The NR group took in more than $840 million, once again paced by Fidelity.

This fund family accounted for $340 million in net new money, with Fidelity Select Energy Portfolio (FSENX) taking in the largest chunk (+$183 million). Also contributing significantly to NR's positive showing was Invesco Energy Fund (FSTEX), which registered $118 million in net inflows.

The net flows into GNR (+$423 million) were roughly half of the NR net intake. The largest positive net flows were recorded by VGENX and RS Global Natural Resources Fund (RSNRX) at $353 million and $167 million.

Going against this trend was PRNEX which posted net outflows (-$153 million) while oil prices were appreciating, along with its $165 million of negative flows during the recent oil price decline.


As for holdings in oil company stocks by GNR and NR funds during the oil price slump in the summer of 2015, selling was fairly concentrated within NR but spread out within GNR.

In the NR classification, four companies had their net overall shares reduced by more than one million shares, while the comparable number for the GNR category was 16.

The four companies within NR that experienced the most selling were Vantage Drilling (-27.6 million shares), BG Group (-3.1 million shares), Halliburton (-2.7 million shares) and Weatherford International (-2.1 million shares).

The number of shares of Vantage Drilling sold represented 8.8% of the company's shares outstanding. Four funds completely sold out of Vantage, led by FSENX, which closed out an 18.1-million-share position.

Weatherford's activity was a result of four funds liquidating their positions, while BG Group had three funds close out their entire positions.

Within GNR, nine companies went from having a total aggregate position of over one million shares to being completely liquidated. The companies that had the largest positions closed out were Pacific Exploration and Production (-3.9 million shares) and Brightoil Petroleum Holdings (-2.2 million shares).

The most widely held stocks within NR were essentially static during this period. Schlumberger (11 funds) and Baker Hughes (10 funds) were the most widely held within NR, and their totals did not change.

The GNR classification showed a little more movement in its most widely held stocks.

GNR started with five stocks being held by a double-digit number of funds: EOG Resources (held by 15 funds), Cabot Oil & Gas (12 funds), Anadarko Petroleum (11 funds), Concho Resources (11 funds) and Antero Resources (10 funds).
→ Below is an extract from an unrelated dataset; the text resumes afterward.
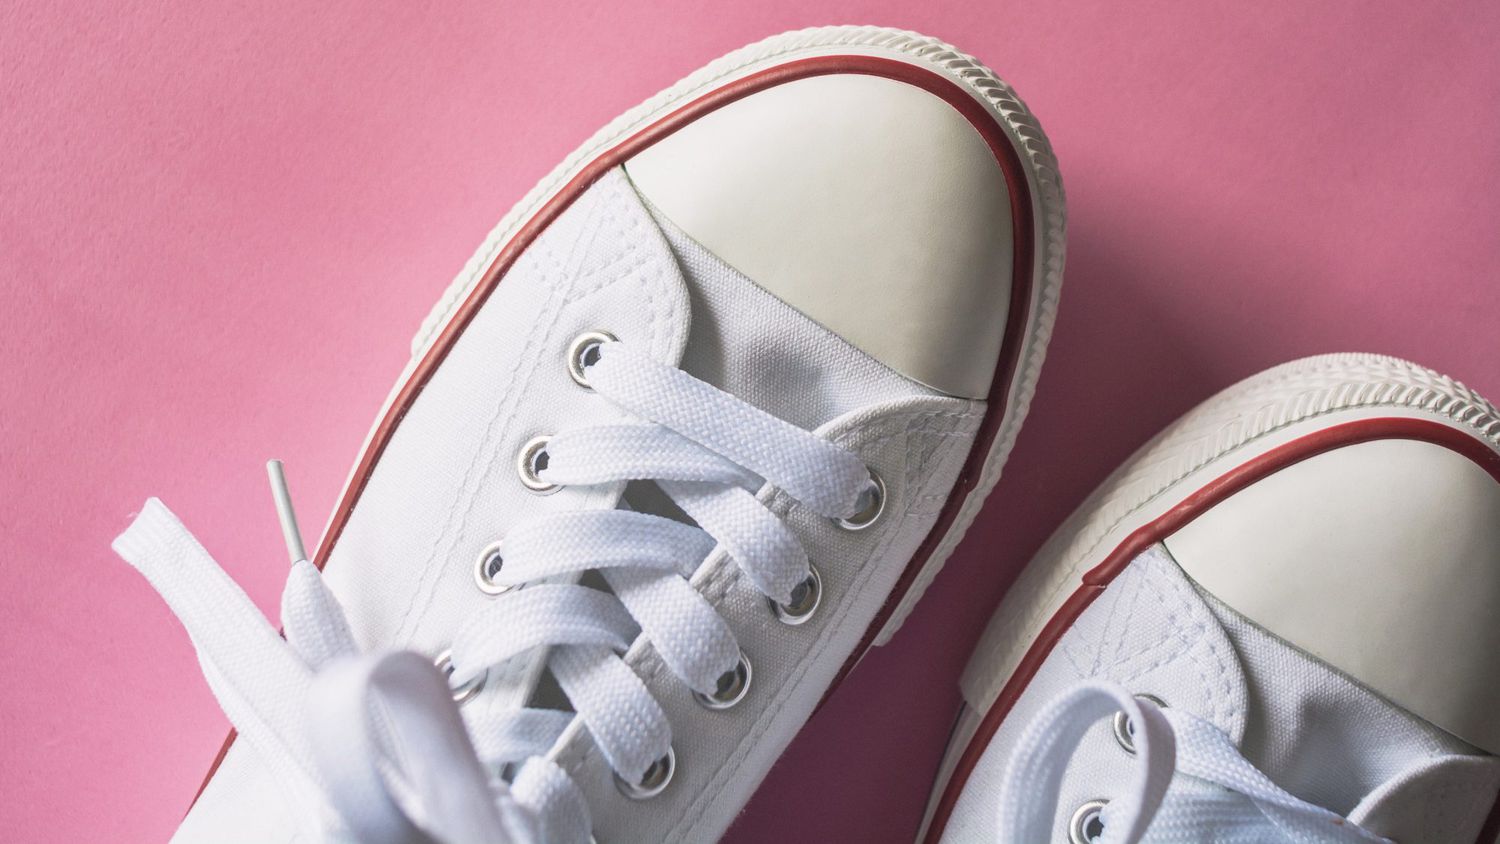 How to Clean White Shoes at Home Without Bleach or Expensive Cleaners |  Real Simple

Within this group EOG Resources was unchanged, while Cabot Oil & Gas, Anadarko Petroleum and Concho Resources all added one fund to their totals.

Antero Resources had three funds liquidate their positions: Putnam Global Natural Resources Fund (EBERX), AllianzGI Global Natural Resources Fund (RGLIX) and Putnam Global Energy Fund (PGEAX) liquidated positions of 4.9 million shares, 550,400 shares and 353,200 shares, respectively.

If this summer's downturn in oil prices stretches out for seven months, as last year's did, advisors and clients can expect to see additional significant net outflows from funds in Lipper's natural resources classifications as well as negative returns for the groups.

Patrick Keon is a research analyst specializing in U.S. fund classifications and portfolio analytics at Lipper.